As an injured runner, recovery and rehab may seem like it lasts forever. But it doesn’t have to. Check out these tips to staying fit and happy through recovery!
When you’re an injured runner, the road to recovery can seem long and never-ending. It can feel like time is literally standing still. And if you do nothing but wallow in your own misery, yeah, it might as well be standing still. But if you do something to help pass the time — say all those stretching and strengthening exercises you neglected for so long — you won’t feel like a hostage to immobility. By staying fit and active through your recovery, you’ll come back reenergized and stronger than ever. Follow these tips, tricks, and workouts to feel your best and come back feeling powerful — not powerless.
What’s an Injured Runner to Do?
Tips to staying fit and happy through recovery.
1. Stay active with cross-training or new activities.
The easiest way to feel like you’re in control of your injury is to stay active. Pick an activity that won’t aggravate your condition or will complement your comeback strategy.
Injury rehab usually coincides with some sort of cross-training. For me, I often seek solace in the bike when I can’t run. Others prefer to go pool running or the elliptical. And others yet choose CrossFit, barre, pilates, spin classes, and more. The options are endless!

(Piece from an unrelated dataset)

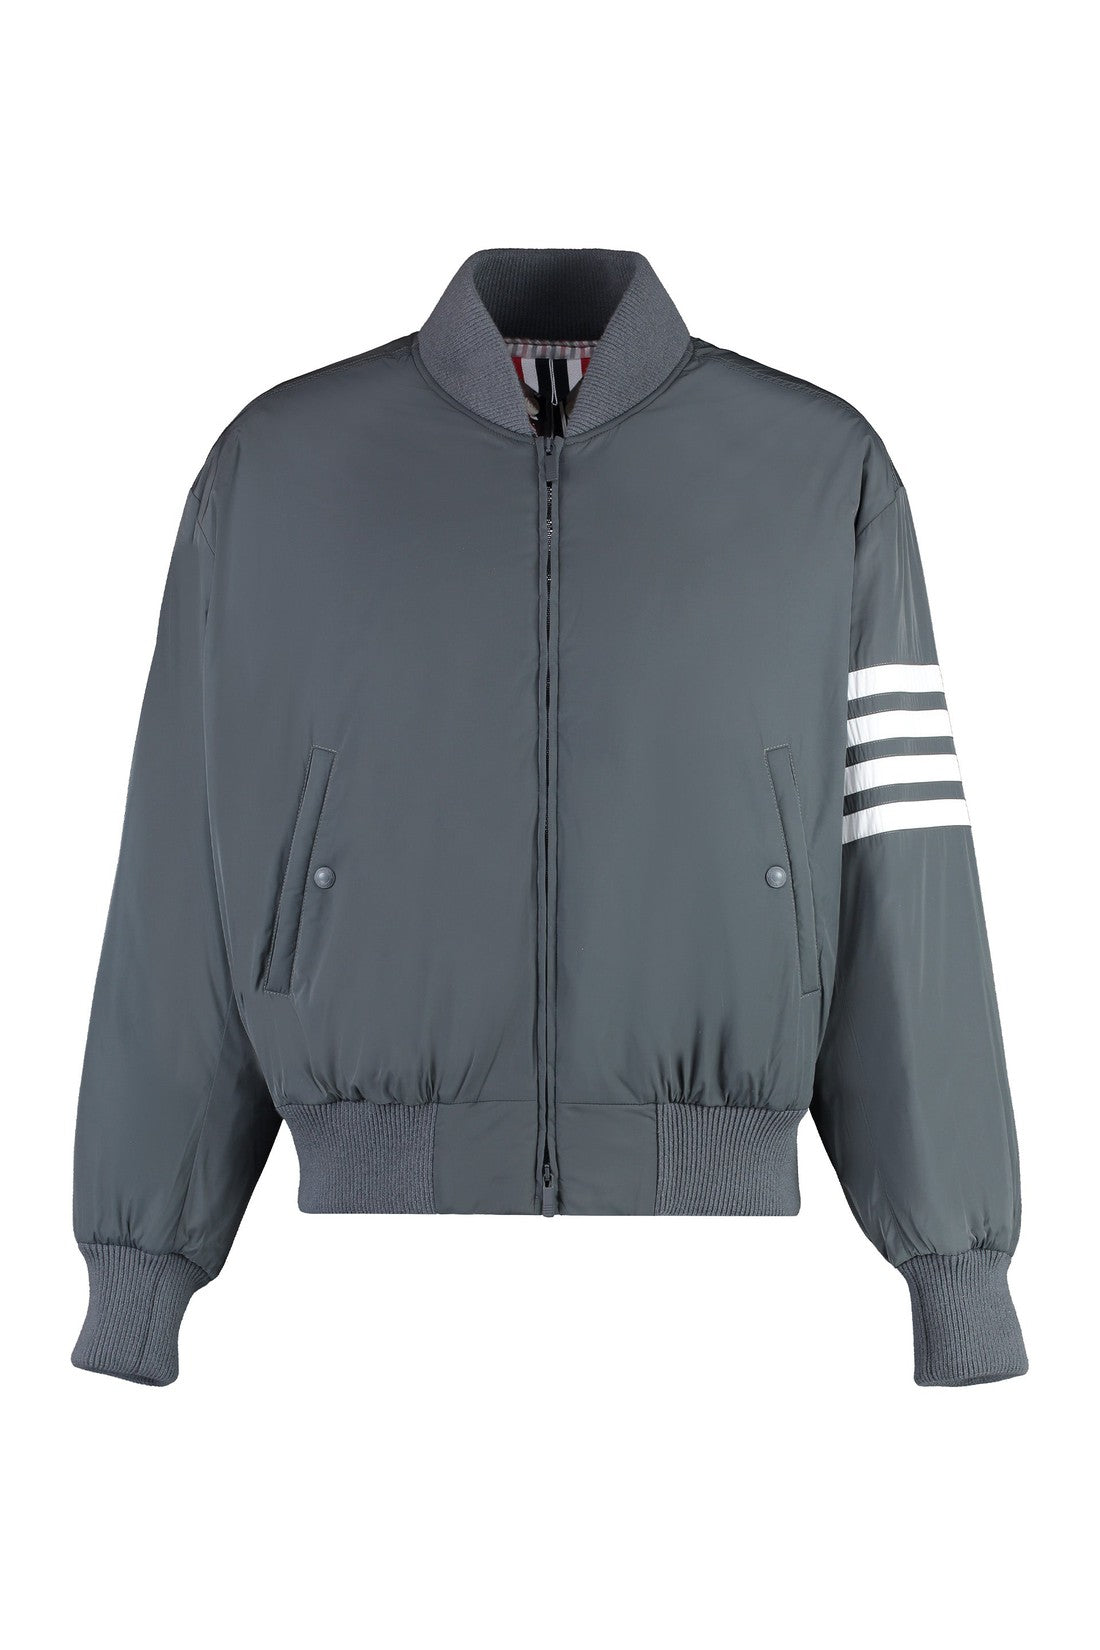 Thom Browne-OUTLET-SALE-Bomber jacket in technical fabric-ARCHIVIST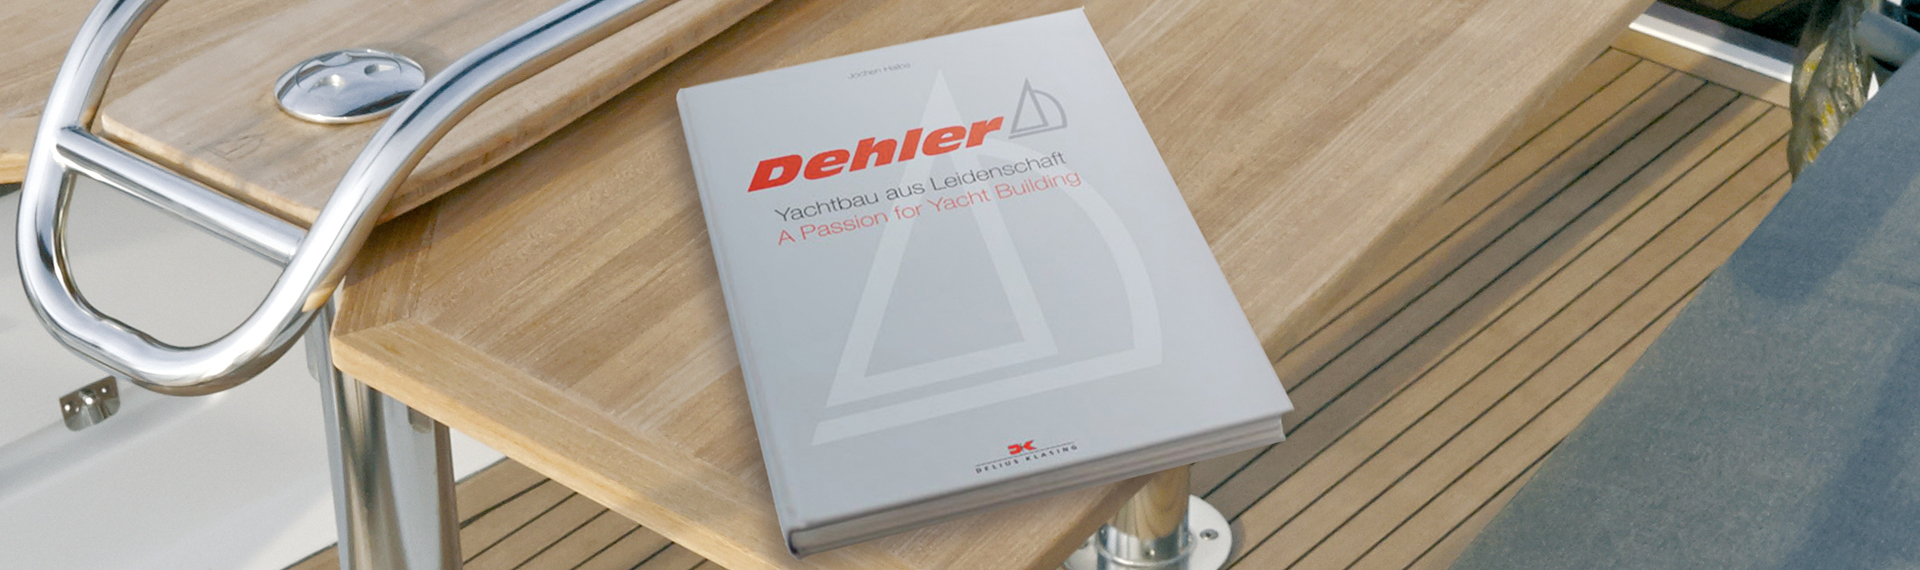 Fifty years of Dehler sailboats hard cover book covering the more than sixty types of boats produced

Keep in mind the activity you choose will be highly dependent on your ability to do it without setting back your injury recovery. If you can’t safely or comfortably perform exercises without guidance so as not to aggravate your condition, you may want to consider joining a gym or hiring a personal trainer. Learn more about how joining a gym and/or hiring a trainer can benefit you as a runner even when you’re not injured. And if you’re interested in a fun way to stay fit, check out the Burpees, Planks, and Push-Ups Challenge.
2. Activate those glutes!
It seems like almost every running-related injury can be attributed to lack of glute-activation or strength. Work on strengthening your glutes while you’re injured so that when it’s time to get back to running, you’ll be ready to go. Check out my Hip and Glute Strength workout to help.
3. Incorporate yoga into your rehab.
Keeping our bodies stretched and toned will help immensely with aches, pains, and injuries. If yoga has never been your thing or you push it to the wayside during training, yoga during injury rehab can be a great way to incorporate it into your running routine. Be careful not to overdo it, though. You don’t want to re-injure a healing muscle or tendon. Find out more about yoga and how it can benefit runners here!
Being an injured runner really stinks, and yes, it can seem like the healing process lasts for an eternity. My advice is to stay fit and take an active role in your recovery. Time will press on and before you know it you’ll be back to running and having fun. And who knows, you may even discover an amazing workout or activity you wouldn’t have found had you not been injured!
What’s your favorite way to cross-train?
True or false: you strength train enough during a training cycle?